DHS Hiring Spree
The DHS is indeed committing to hiring 1000 clearable US citizens over the next three years. If you’re interested, you can “attend” their cyber job fair:
http://www.dhs.gov/xabout/careers/cyberjobfair
They are looking to fill these types of roles:
- Cyber Incident Response
- Vulnerability Detection and Assessment
- Networks and Systems Engineering
- Cyber Risk and Strategic Analysis
- Intelligence and Investigation
I’m glad that this amount of hiring is happening, but I’m still unconvinced that this will bring DHS (and the American people) 300 high-quality cybersecurity professionals per year. I’m guessing 80 to 90 percent of the hires in any given year will be trainable Computer Science and/or Computer Engineering B.Sc. students — those who can gradually obtain cybersecurity skills over the course of their govt. careers. And that’s not necessarily a bad thing, except that in three years, the US cybersecurity defense posture and capabilities won’t be measurably improved.

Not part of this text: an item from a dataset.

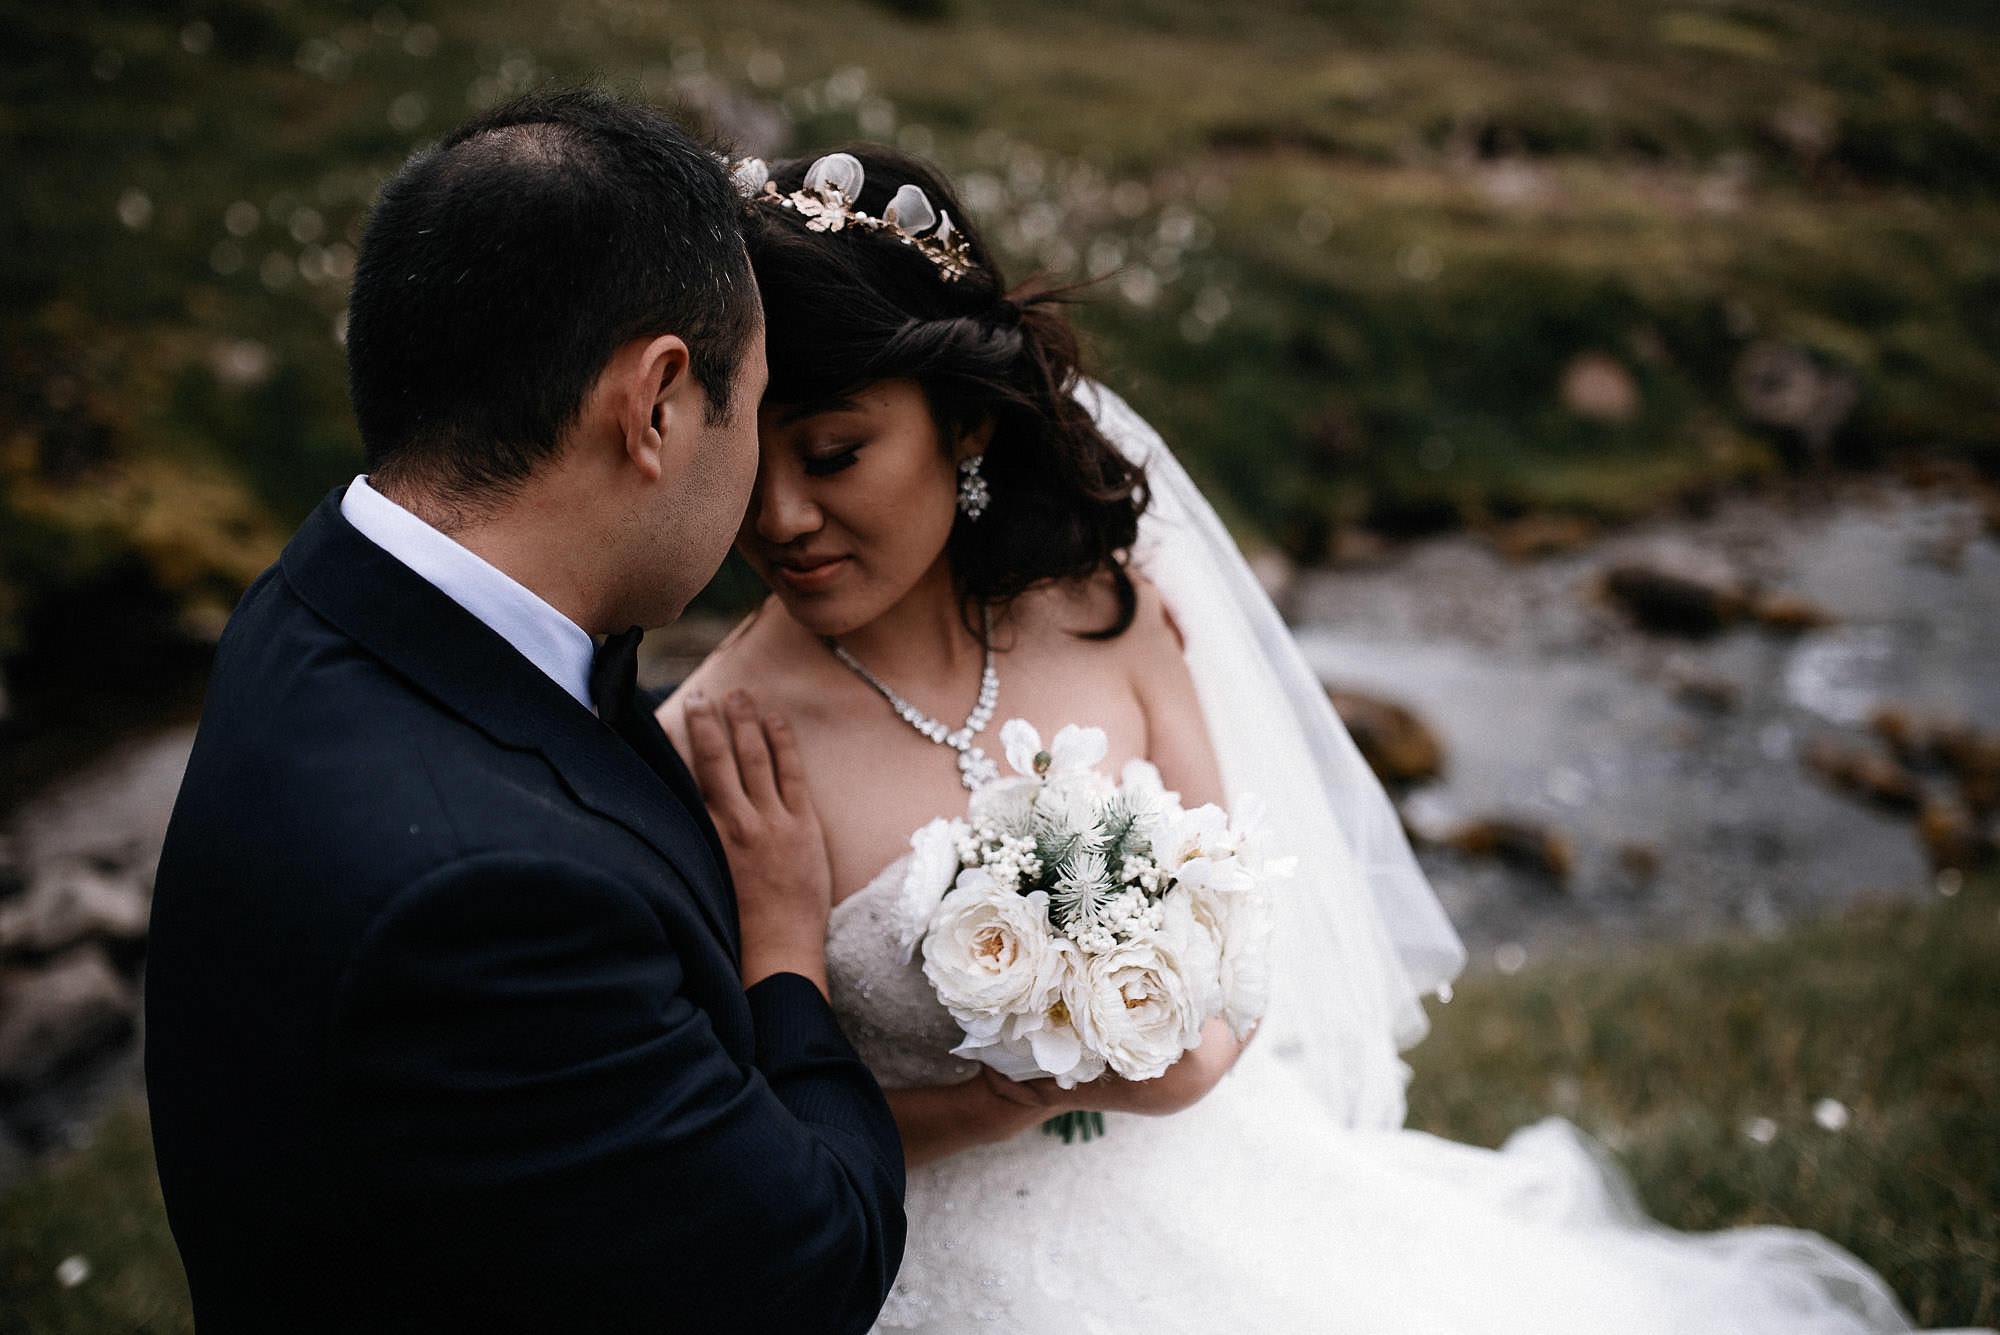 iceland-wedding-photographer_jere-satamo_photography-reykjavik-025.jpg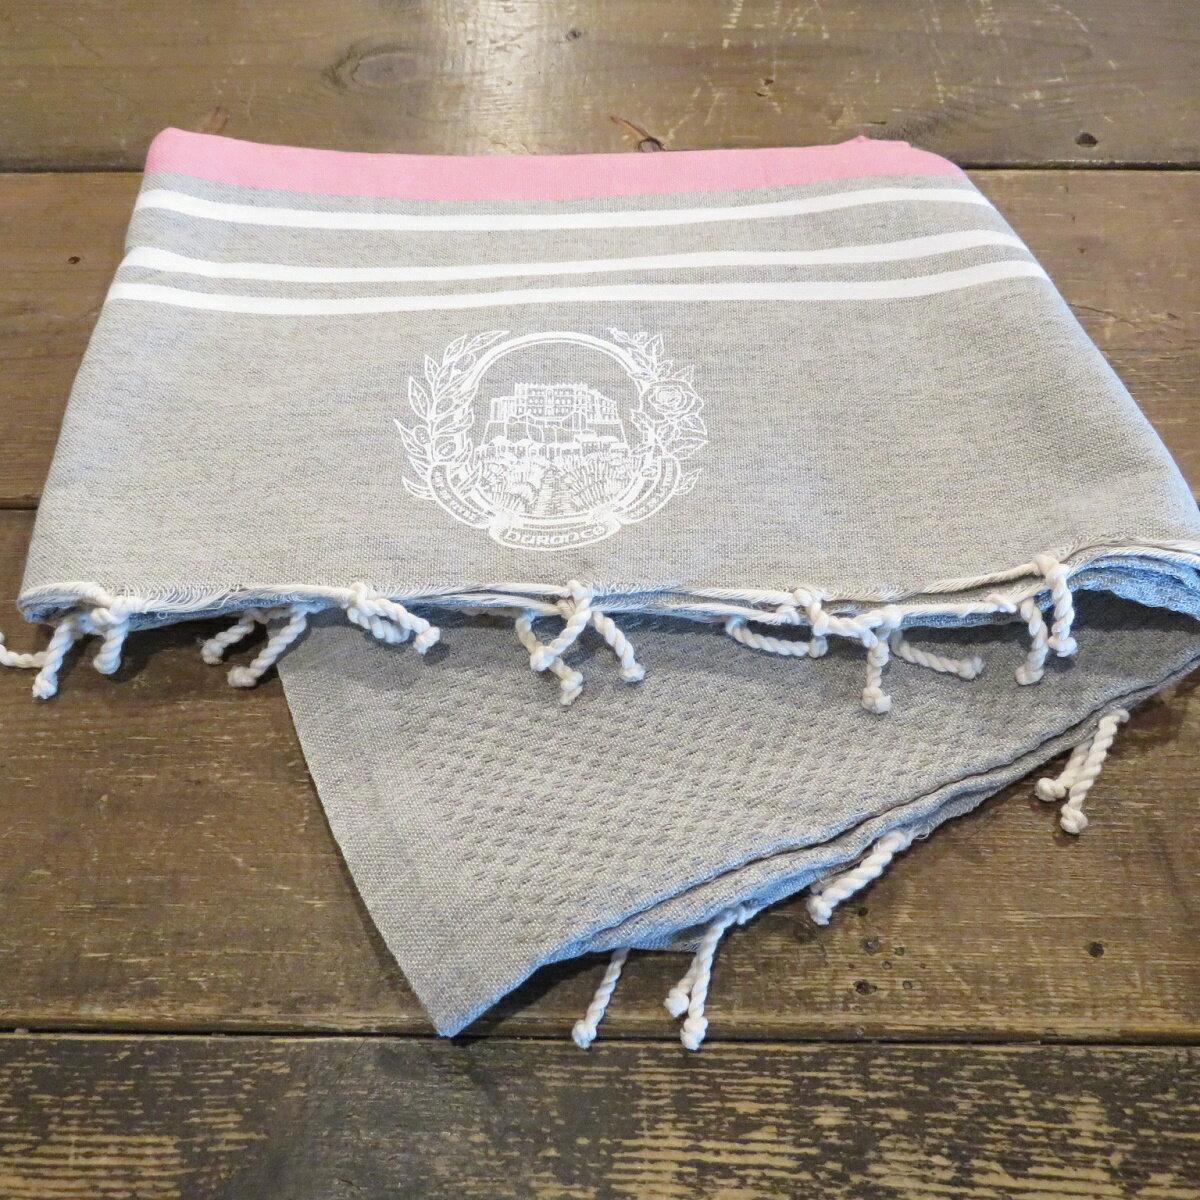 【在庫処分】DURANCEデュランス スローケット100×200センチ 綿100% Beach Towel

One thousand extra people does not translate directly into an improvement — not at the rate at which network traffic flows, attacks and exploits of software vulnerabilities happens, the complexity of real systems software increases, new technologies come on line, etc. Most of the roles that DHS is seeking seem to be more on the strategy end of things rather than the tactics or operational side of the house — and I see that as a good thing, but it’s easy to misuse a sudden influx of manpower on the tactical side, even if they’re initially meant to have a strategic, forward-looking focus.